=== Exercise requirements ===
Every line from the one containing "1963 c., EE.UU." through the end of the listing below must be given again exactly, and nothing else; exclude pictures.

=== Supplied information ===
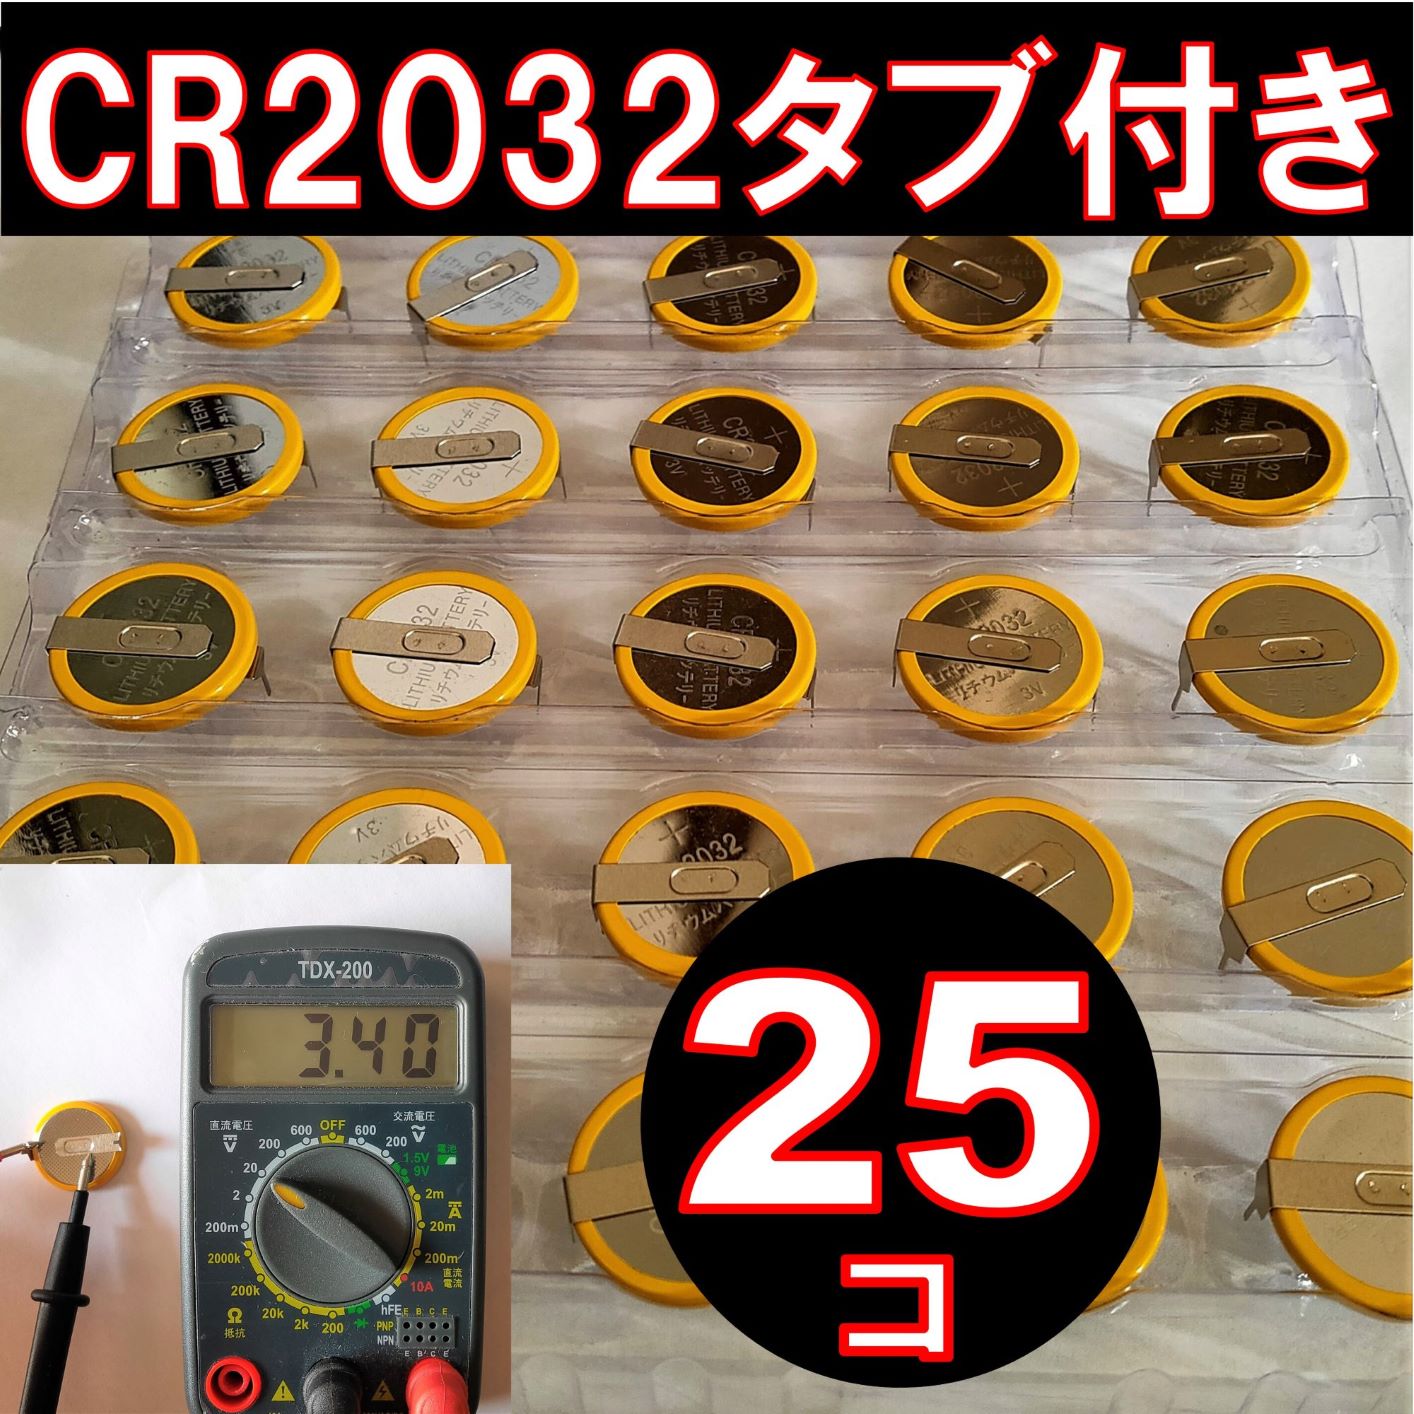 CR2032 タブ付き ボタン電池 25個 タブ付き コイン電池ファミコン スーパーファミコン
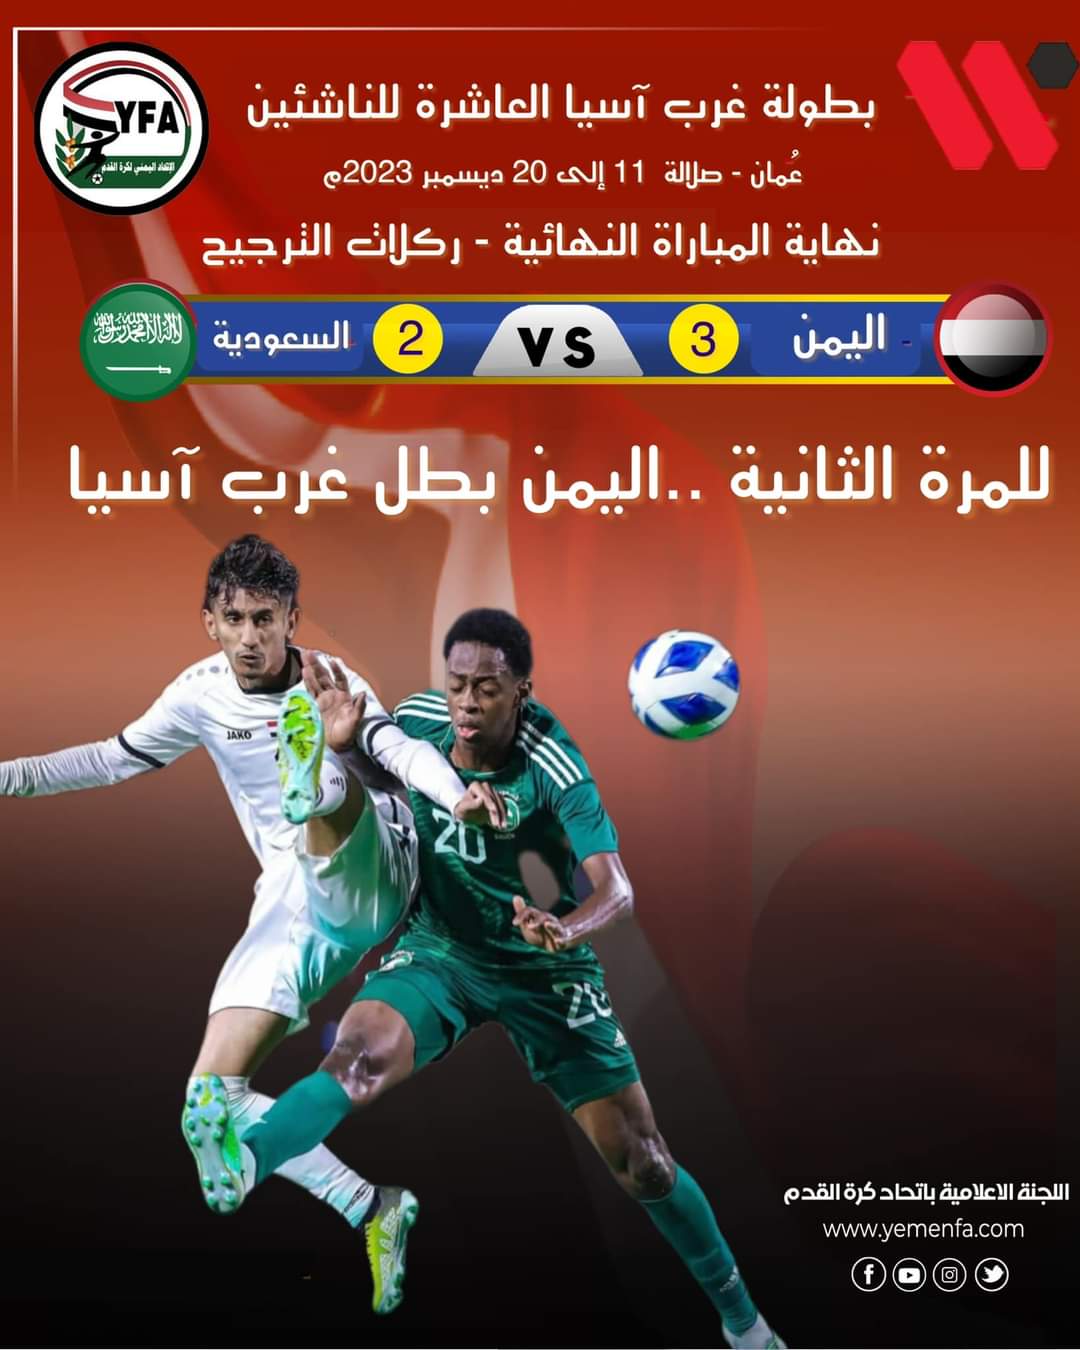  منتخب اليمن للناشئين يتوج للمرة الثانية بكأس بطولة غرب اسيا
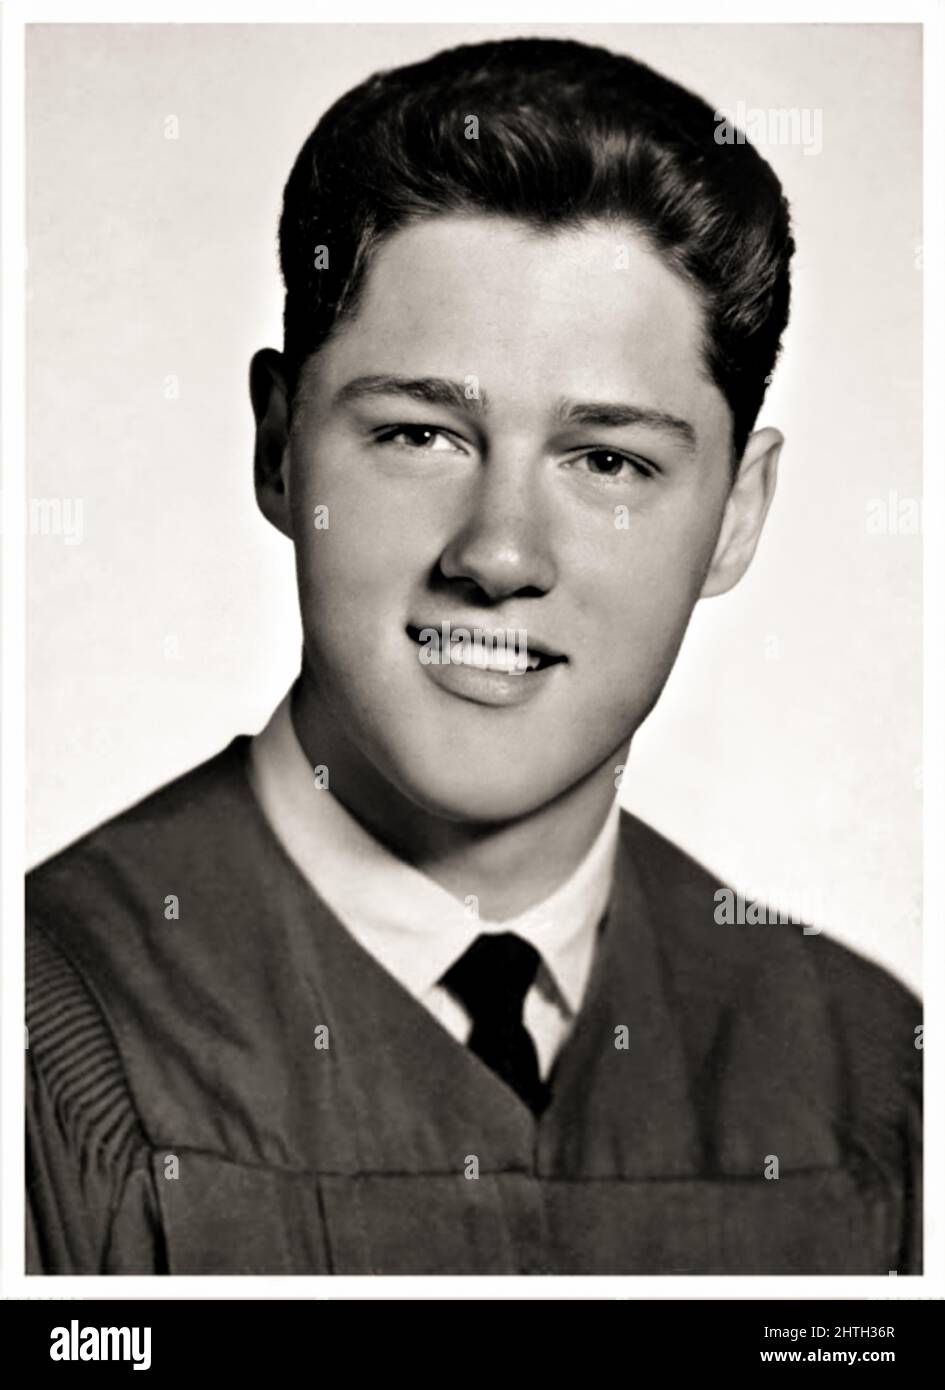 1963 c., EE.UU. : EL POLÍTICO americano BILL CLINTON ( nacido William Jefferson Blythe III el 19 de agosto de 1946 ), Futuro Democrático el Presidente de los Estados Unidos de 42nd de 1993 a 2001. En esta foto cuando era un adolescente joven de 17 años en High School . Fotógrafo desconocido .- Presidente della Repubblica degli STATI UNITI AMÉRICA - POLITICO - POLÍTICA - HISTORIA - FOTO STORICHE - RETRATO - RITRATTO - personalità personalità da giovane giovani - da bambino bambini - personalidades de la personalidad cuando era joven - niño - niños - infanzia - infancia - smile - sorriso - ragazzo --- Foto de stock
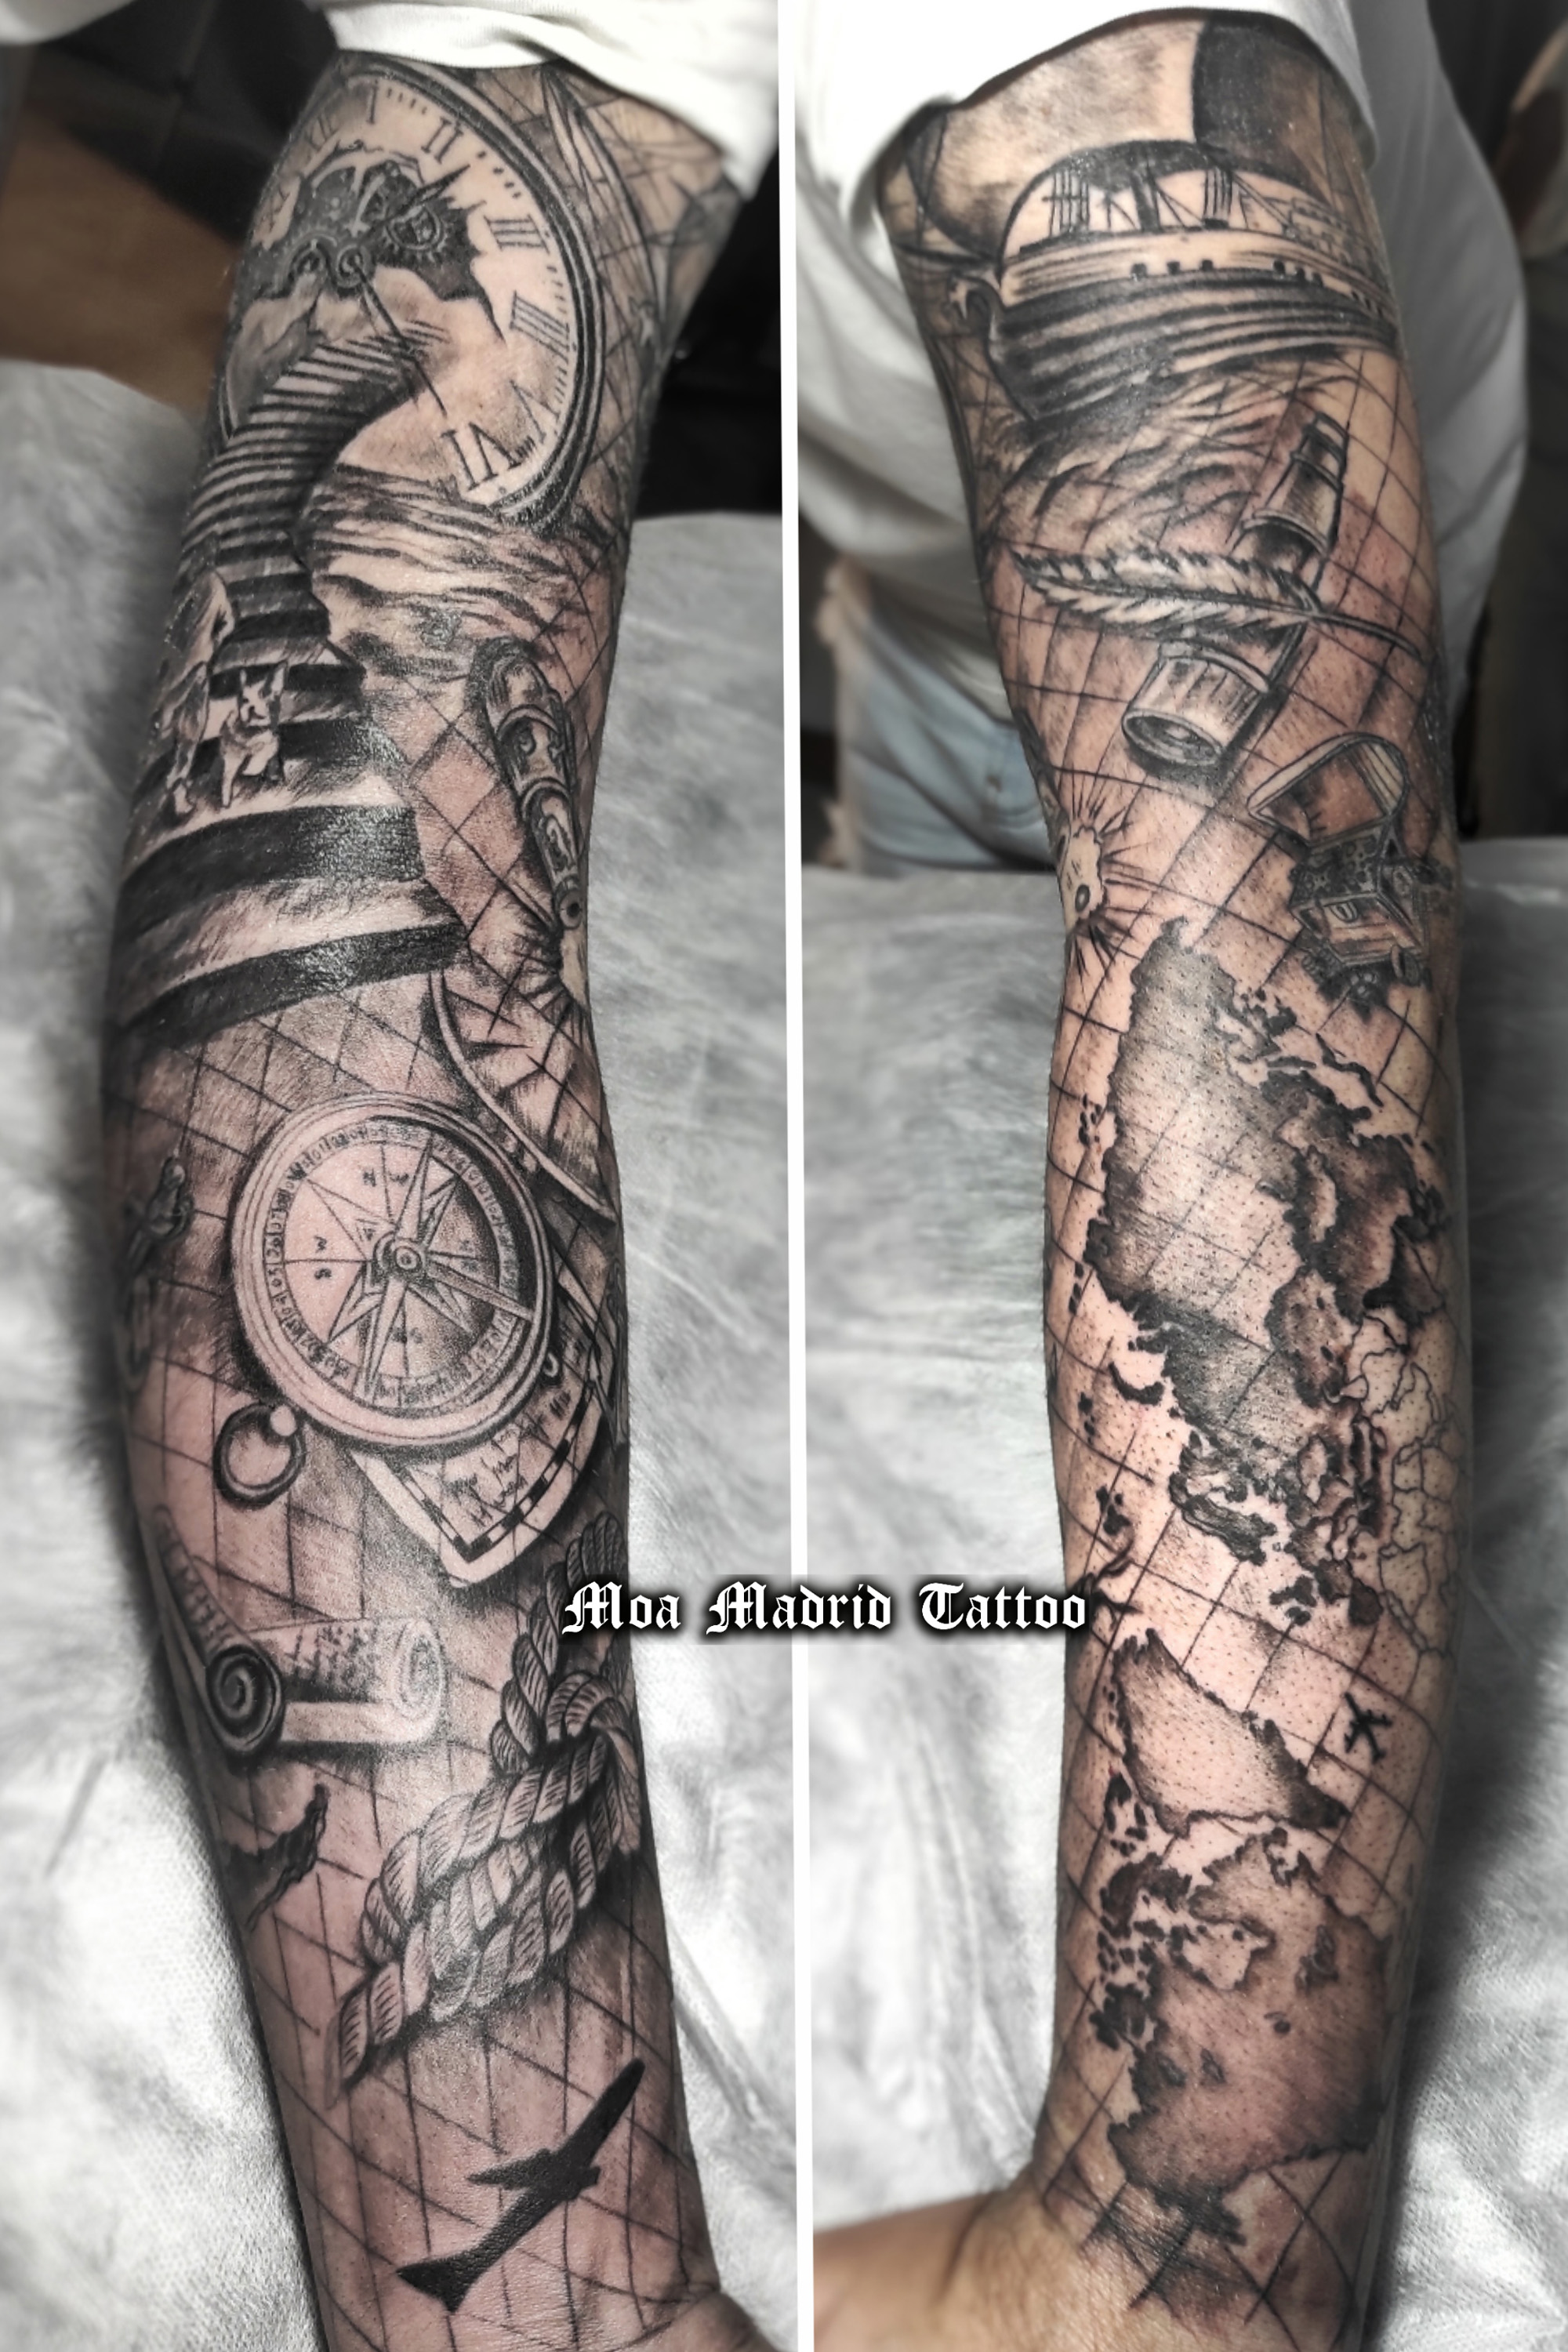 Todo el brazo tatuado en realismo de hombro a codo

=== Problem solution ===
 1963 c., EE.UU. : EL POLÍTICO americano BILL CLINTON ( nacido William Jefferson Blythe III el 19 de agosto de 1946 ), Futuro Democrático el Presidente de los Estados Unidos de 42nd de 1993 a 2001. En esta foto cuando era un adolescente joven de 17 años en High School . Fotógrafo desconocido .- Presidente della Repubblica degli STATI UNITI AMÉRICA - POLITICO - POLÍTICA - HISTORIA - FOTO STORICHE - RETRATO - RITRATTO - personalità personalità da giovane giovani - da bambino bambini - personalidades de la personalidad cuando era joven - niño - niños - infanzia - infancia - smile - sorriso - ragazzo --- Foto de stock
 Todo el brazo tatuado en realismo de hombro a codo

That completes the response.